Manufacturers should adopt more eco-friendly production techniques to combat the recession, a report claims.
Turning to sustainable resources management will also assist in preparing businesses for an increasingly regulated post-recession economy, according to the EEF, the manufacturers’ organisation, and Barclays Commercial Bank.
They say manufacturers are missing out on making far more efficient use of environmental resources to cut costs and to adapt themselves to increasing amounts of environmental legislation.
The report, Resource Efficiency; Business benefits from sustainable resource management, identifies and analyses positive effects of resource efficiency in UK manufacturing and outlines major benefits and opportunities for companies. Its aim is to promote a greater understanding of sustainable manufacturing as well as to describe ways of making a wide variety of factories more eco-friendly.
The report is the first in a series being launched by EEF in its “Manufacturing Your Future” campaign which is offering companies advice, guidance and support in the economic downturn.
Commenting on the report, Darby Allan, EEF’s health, safety, climate and environment (HSCE) Leader for the Midlands said: “Many companies underestimate the true cost of inefficient business processes because of a lack of understanding of environmental costs.
“Behaviour change is often a first step towards realising considerable savings. However, in some instances doing things differently will require more significant investment and market forces alone may not be enough to provide for the necessary change.
“The government must set out clear objectives and timescales for sustainable resource management as part of its low carbon strategy, which businesses can use to plan their operations strategically.”
Ray O’Donoghue, head of manufacturing at Barclays Commercial Bank, said: “While environmentalism has traditionally been considered a back seat issue during a recession, the strong correlation between resource efficiency and cost control should be pushing energy use and waste management much further up the corporate agenda.”
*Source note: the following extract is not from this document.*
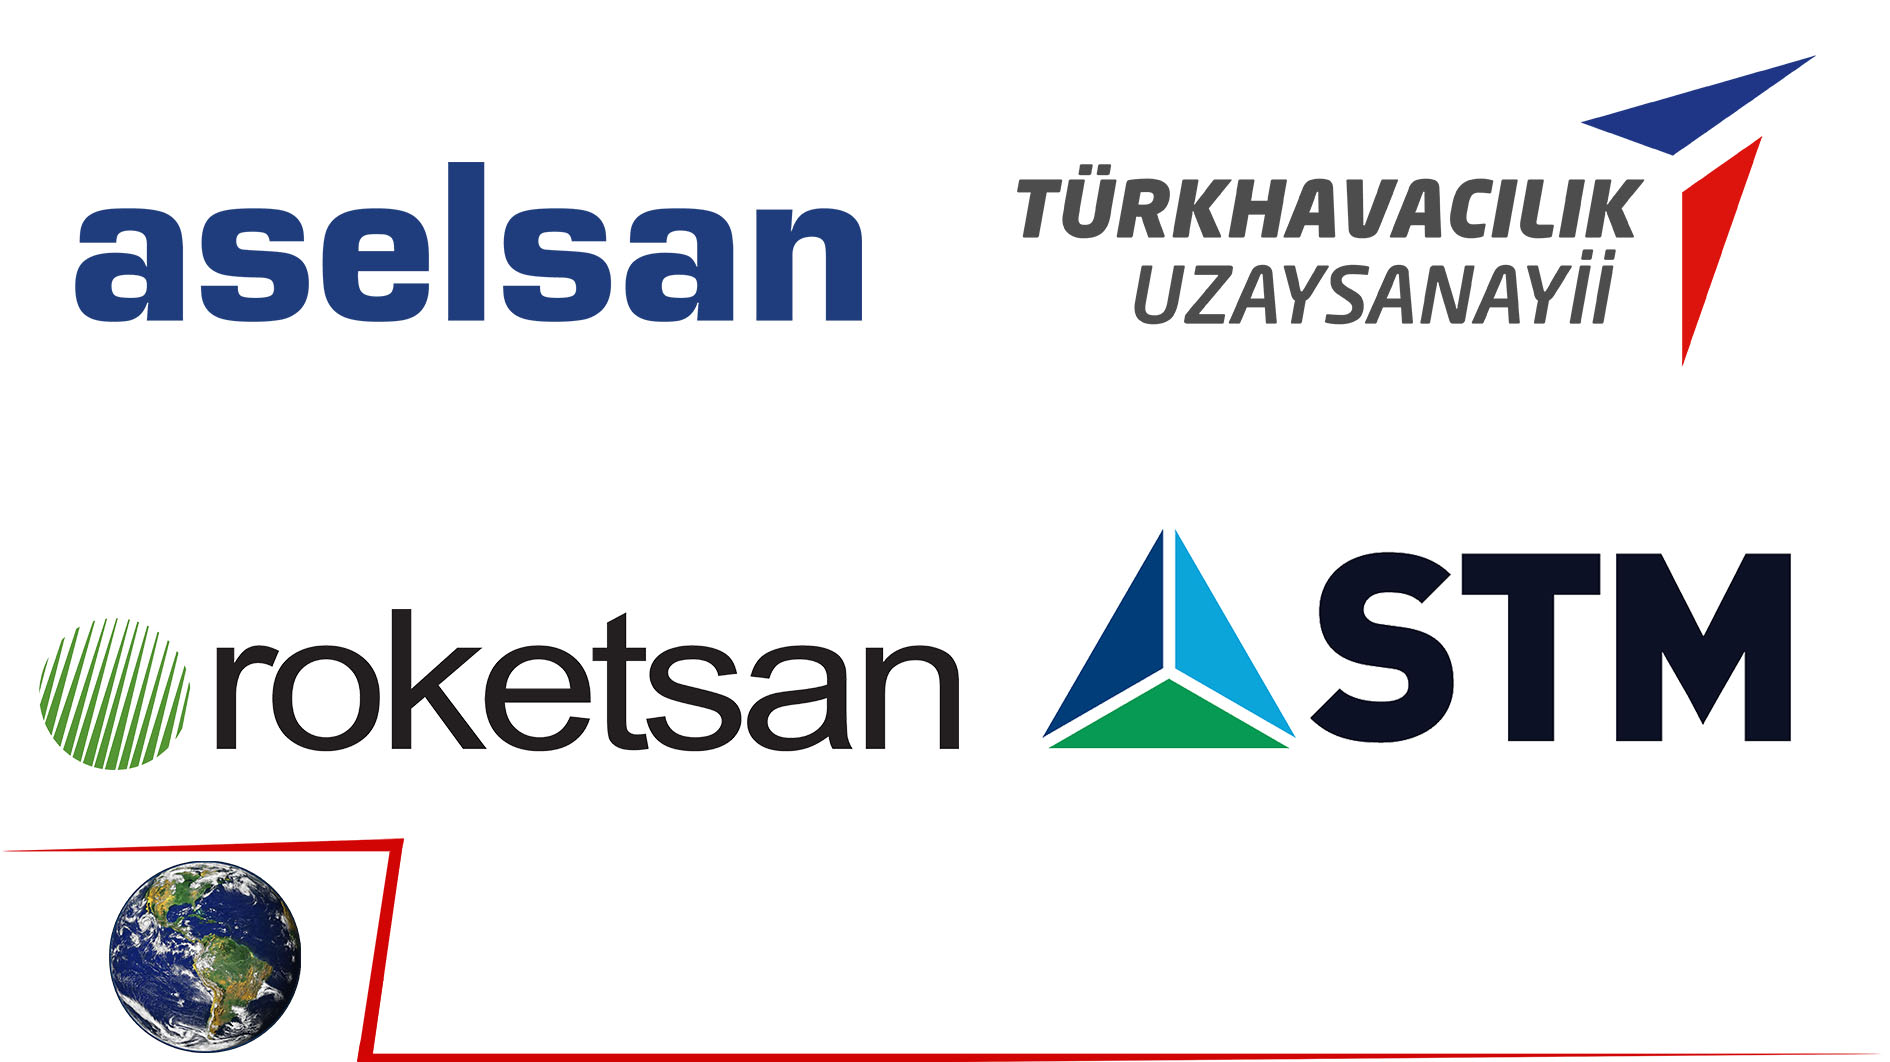 Dünyanın ilk 100 savunma sanayii şirketinde 4 Türk şirket

The report suggests that more than reducing costs, successful resource efficiency increases the utility of materials, energy and water throughout the life of products and services. It can also ensure more cost-effective compliance with existing and future legislation, while promoting competitiveness through product differentiation and an enhanced corporate reputation.
“With both US and Australian leadership now signed up to the fight against climate change and a new international climate change agreement likely to be signed in Copenhagen in December, sustainable resource use will eventually replace battling recession as the top issue for manufacturing leaders,” Mr O’Donoghue said. “For any industrial company that has the capacity to look beyond day to day business issues despite economic challenges, the time to start acting on resource efficiency is now.”
The report highlights the urgency of implementing resource efficiency with fluctuations in energy (and raw material) prices, heightened consumer awareness of climate change and government sanctions adding to this urgency.
The report outlines the potential for sustainable development if government continues to work with the private sector to encourage greater investment in recycling, renewable energy and production, and offers practical steps for manufacturers to boost the resource efficient credentials.
Manufacturing companies taking the lead on implementing a resource-efficient business model can also improve their competitiveness and gain access to new markets and sources of capital.
They also appeal more to investors while cutting the risk of not complying with legislation.A closer relationship with suppliers may also be forged off of the back of a resource efficiency programme, leading to reduced risk of supply chain failures.
To achieve the goals set out in the report, government, in partnership with industry, should seek to provide a long-term strategy for resource management with clear objectives and timescales, and a regulatory framework that is risk-based, proportionate and coherent and incentivises resource efficiency.